Submitted to: Remote Sensing of Environment
Publication Type: Proceedings
Publication Acceptance Date: 5/5/2000
Publication Date: 9/8/2000
Citation: N/A

Interpretive Summary: Reliably estimating surface energy fluxes from agricultural fields requires knowledge of surface cover to characterize surface roughness and resistance to heat transfer. Typical surfaces include green vegetation, senescent vegetation, and bare soil. Using spectral vegetation indices, remote sensing measurements in the visible and near-infrared bands (VNIR) can detect green vegetation but cannot distinguish senescent vegetation from bare soil. A method using multi-band thermal infrared data, known as thermal emissivity contrast, can make this distinction. The method and its application in a Southern Great Plains 1997 study at El Reno, Oklahoma, are described. By combining emissivity contrast data with a VNIR vegetation data, it is possible to distinguish between green vegetation, senescent vegetation, and bare soil.

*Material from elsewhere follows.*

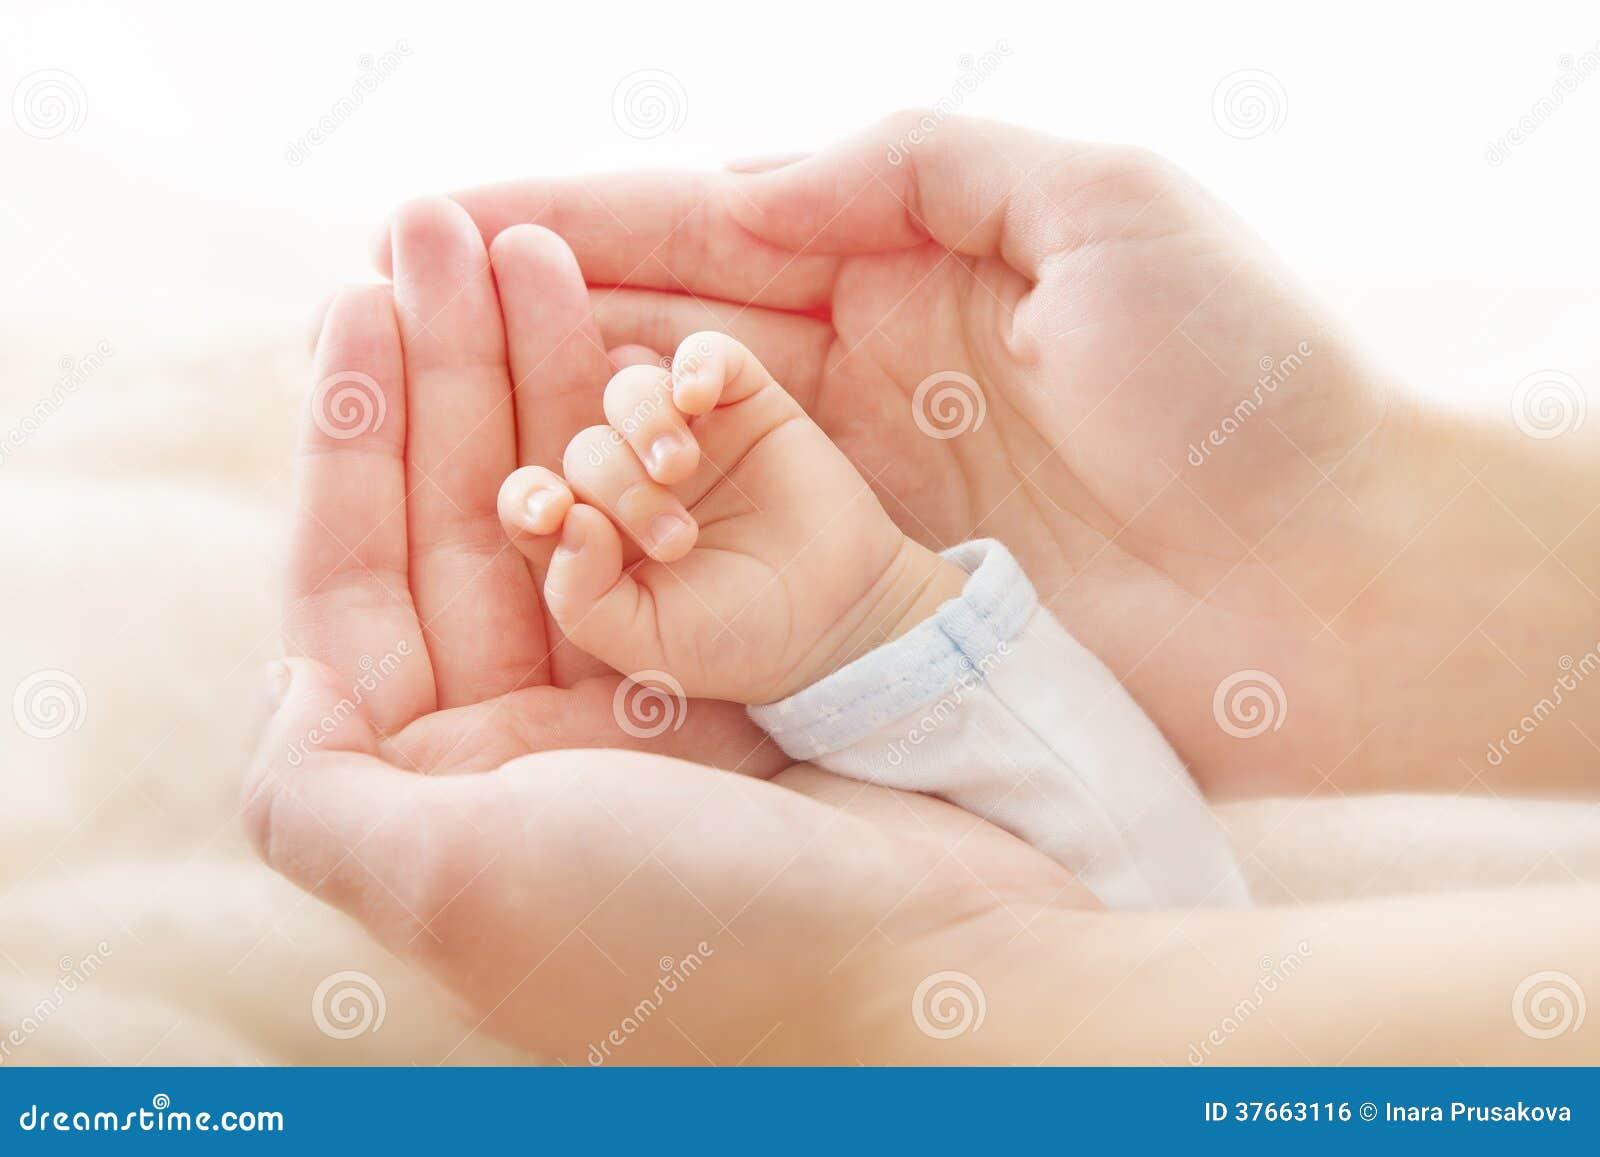 Newborn рука младенца в руках матери. Концепция asistance помощи

Technical Abstract: A remote sensing method utilizing multi-band thermal infrared (8-12um) imagery is described that discriminates between senescent vegetation, and bare soil. This discrimination is achieved by computing thermal band emissivities from a temperature-emissivity separation algorithm and then classifying surface features based upon spectral emissivity contrast. In a study of rangelands and wheat fields in central Oklahoma, the range of these spectral emissivities is diagnostic of the presence, or the absence of, surface vegetative cover. A large range of emissivities, approximately greater than 0.03, is indicative of bare soil; while a low range, less than 0.02, is indicative of vegetative cover. When knowledge of the emissivity range is combined with a vegetation index, such as NDVI, the surface may be classified by a ternary system: bare soil, green vegetation, and senescent vegetation. Discrimination between bare soil and soil covered with senescent vegetation using emissivity contrast should be feasible in other settings. The benefit of this technique is that heat flux predictions can be based upon a more accurate surface representation than otherwise provided by visible and near-infrared land classification schemes.